In the 2016 campaign, there was nothing more disturbing than crowds chanting “lock her up,” often encouraged by Trump and his surrogates. After the election, however, Trump reconsidered, saying he would not pursue Clinton who “went through a lot and suffered greatly.”

Now under siege, Trump has jettisoned magnanimity. Maybe she should be locked up after all.

This is pure misdirection. Even if every charge against Clinton were true and she got 20 years in the clink, it would change not one iota of the truth — or falsity — of the charges of collusion being made against the Trump campaign.

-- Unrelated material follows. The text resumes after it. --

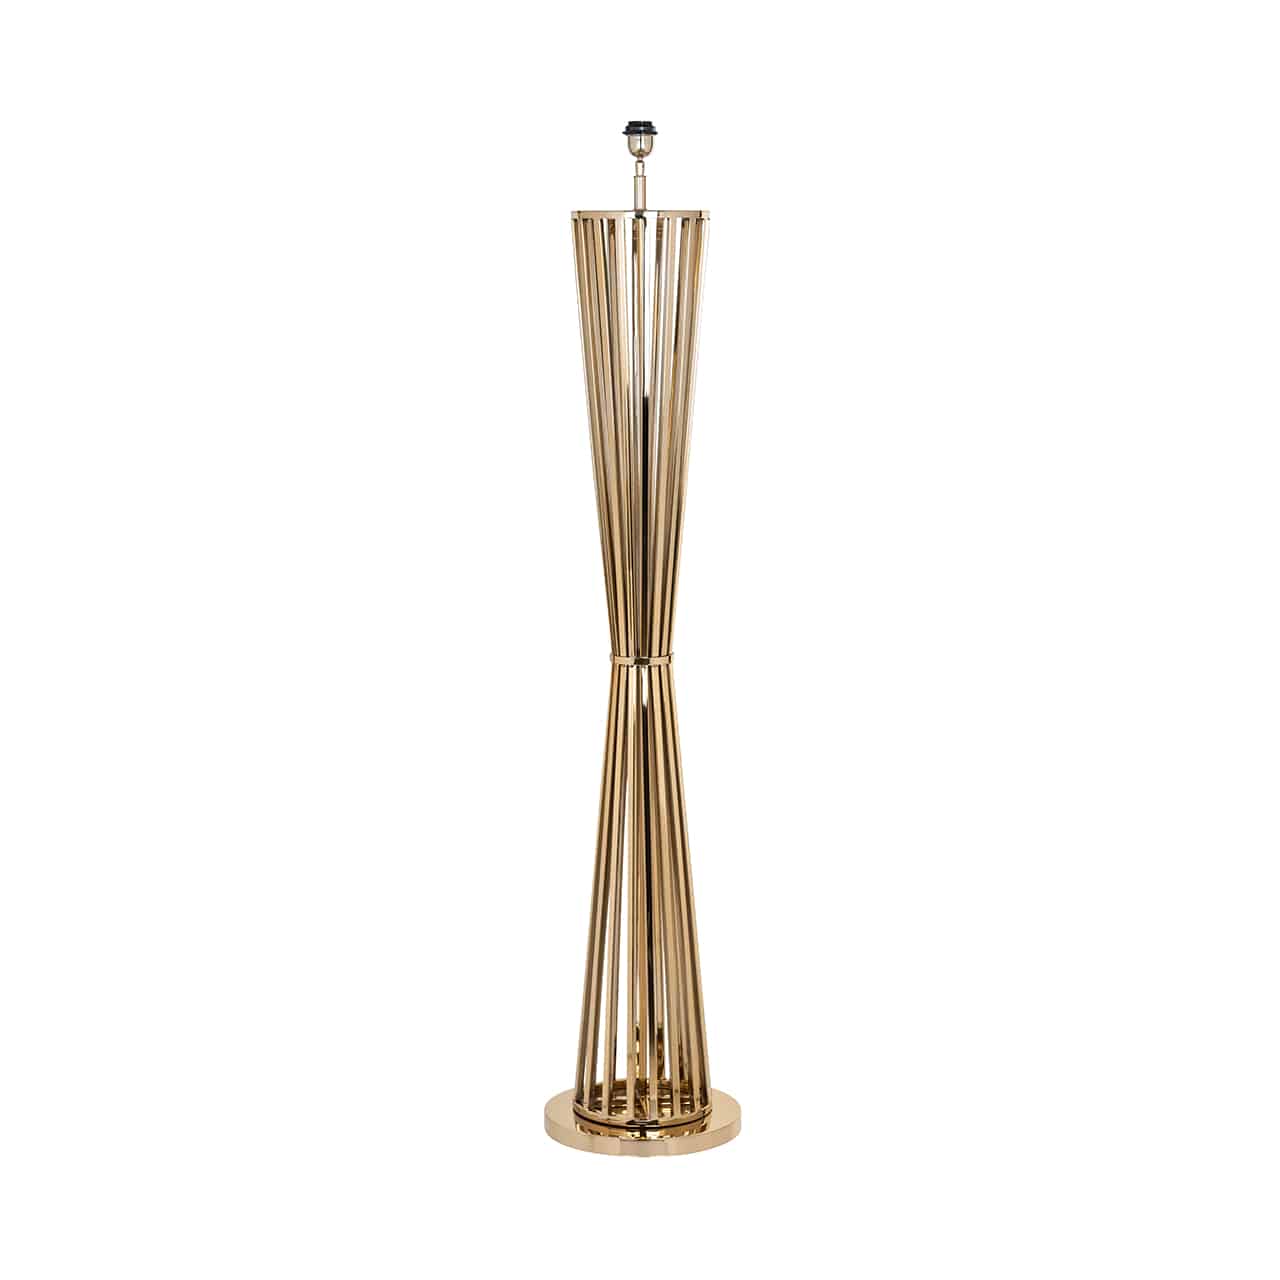 Stehlampe/Lampenfuß, bestehend aus einem runden Bodenteller, darauf mehrere, kreisrund angeordnete, goldene Edelstahlstreben, mittig eingeschnürt, wie ein Ährenbündel.

Moreover, in America we don’t lock up political adversaries. They do that in Turkey. They do it (and worse) in Russia. Part of American greatness is that we don’t criminalize our politics.

Last week, Trump spoke at the commissioning of the USS Gerald R. Ford aircraft carrier. Ford was no giant. Nor did he leave a great policy legacy. But he is justly revered for his decency and honor. His great gesture was pardoning Richard Nixon, an act for which he was excoriated at the time and which cost him the 1976 election.

It was an act of political self-sacrifice, done for precisely the right reason. Nixon might indeed have committed crimes. But the spectacle of an ex-president on trial and perhaps even in jail was something Ford would not allow the country to go through.

In doing so, he vindicated the very purpose of the presidential pardon. On its face, it’s perverse. It allows one person to overturn equal justice. But the Founders understood that there are times, rare but vital, when social peace and national reconciliation require contravening ordinary justice. Ulysses S. Grant amnestied (technically: paroled) Confederate soldiers and officers at Appomattox, even allowing them to keep a horse for the planting.

In Trump World, the better angels are not in evidence.

To be sure, Trump is indeed examining the pardon power. For himself and his cronies.